La multipolarité

La multipolarité est d'abord un fait. Elle existait dans le système wesphalien qui régissait les rapports entre les puissances, — toutes européennes à l'époque —, du XVIIème siècle au XIXème siècle, sur la base de la souveraineté des États et de l'équilibre des forces. Ce modèle, mis à mal par la Révolution française, le rêve impérial de Napoléon ou le principe des nationalités, sera définitivement enterré par les deux guerres mondiales, la création de la S.D.N. puis de l'O.N.U. et la mise en place, après 1945, d'un monde bipolaire, théâtre de l'affrontement des deux superpuissances : les États-Unis et l'Union soviétique. Ce monde bipolaire s'effondrera à son tour après la chute du mur de Berlin (1989) et la parenthèse unipolaire (qui donna l'illusion à certains d'une fin de l'Histoire), dans ce qu'il est aujourd'hui convenu d'appeler, à la suite d'Huntington, le « choc des civilisations » : le retour en force de l'Islam, de la Russie, l'émergence de nouvelles puissances (la Chine surtout) dessinant les contours d'une nouvelle multipolarité.

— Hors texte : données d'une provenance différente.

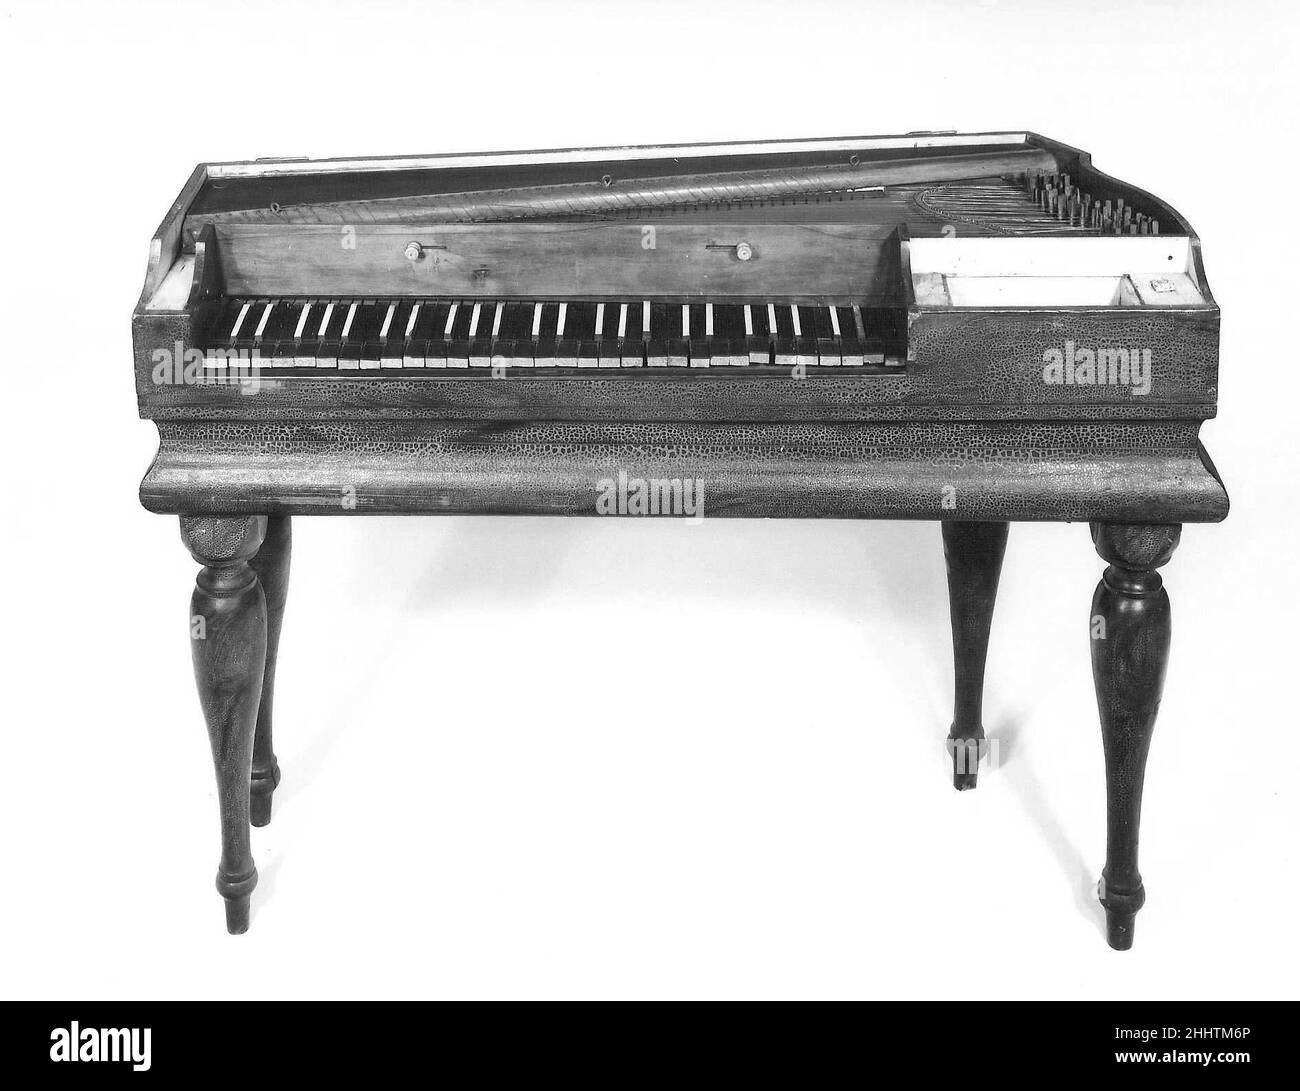 Piano carré ca.1790 attribué à Johann Matthäus Schmahl allemand la forme du boîtier de ce piano est faite pour ressembler à une harpe qui se trouve sur son côté.Mozart aurait soi-disant porté un piano comme celui-ci pour s'entraîner dans ses voyages.Schmahl a appelé ce type d'instrument un harfe liegende, ou piano à harpe.Ce type d'instrument a probablement été fait pour imiter les dulcimers martelés qui étaient populaires à l'époque, en particulier le type connu sous le nom de pantalons, rendu célèbre par le joueur virtuose Hebenstreit Pantaleone.Il y a deux boutons au-dessus du clavier, l'un contrôle un muet et l'autre interpose leathe Banque D'Images

Mais cette multipolarité est aussi un bienfait. La France est et restera sans doute encore longtemps une puissance (même à horizon de vingt ou trente ans, elle figurera toujours dans les dix premières nations sur le plan économique et militaire) mais elle ne retrouvera vraisemblablement plus jamais la première place qui fut la sienne entre 1660 et 1815. Pour être libre, elle doit donc ne pas se laisser vassaliser par une puissance supérieure et diversifier ses alliances, – ce qui ne signifie pas forcément les retourner ! –, consolider ses positions déjà acquises dans le monde (dans ses territoires d'outremer ou dans son ancien domaine colonial africain) et valoriser ses atouts (puissance nucléaire, 2ème zone économique exclusive du monde, 1ère langue à l'horizon 2050). Elle pourra bien plus facilement jouer sa partition propre dans un monde multipolaire qu'enfermée dans un bloc européen ou occidental !

Enfin, la multipolarité est conforme à notre histoire et à notre génie. Autrement dit, la France n'a pas vocation à l'hégémonie mais à l'indépendance et à la souveraineté nationale. Clovis déjà fit le choix du terme de roi plutôt que de celui d'empereur. Les Capétiens plus tard se proclameront « empereurs en leur royaume » et chercheront à établir une souveraineté absolue (indépendante de l'empereur germanique comme du pape, au temporel du moins) mais dans un espace limité (grosso modo celui de l'ancienne Gaule) plutôt qu'à reconstituer l'empire romain. L'échec de Napoléon est aussi révélateur, à sa façon, de la vocation de la France à participer aux équilibres plutôt qu'à les bouleverser brutalement dans un esprit démesuré de conquêtes. Dans la période contemporaine, la politique du général De Gaule à l'égard des blocs et des non-alignés comme les plus récents succès de notre diplomatie (dans la deuxième Guerre du Golfe par exemple) montrent que la France n'est grande et écoutée qu'en étant fidèle à cette tradition.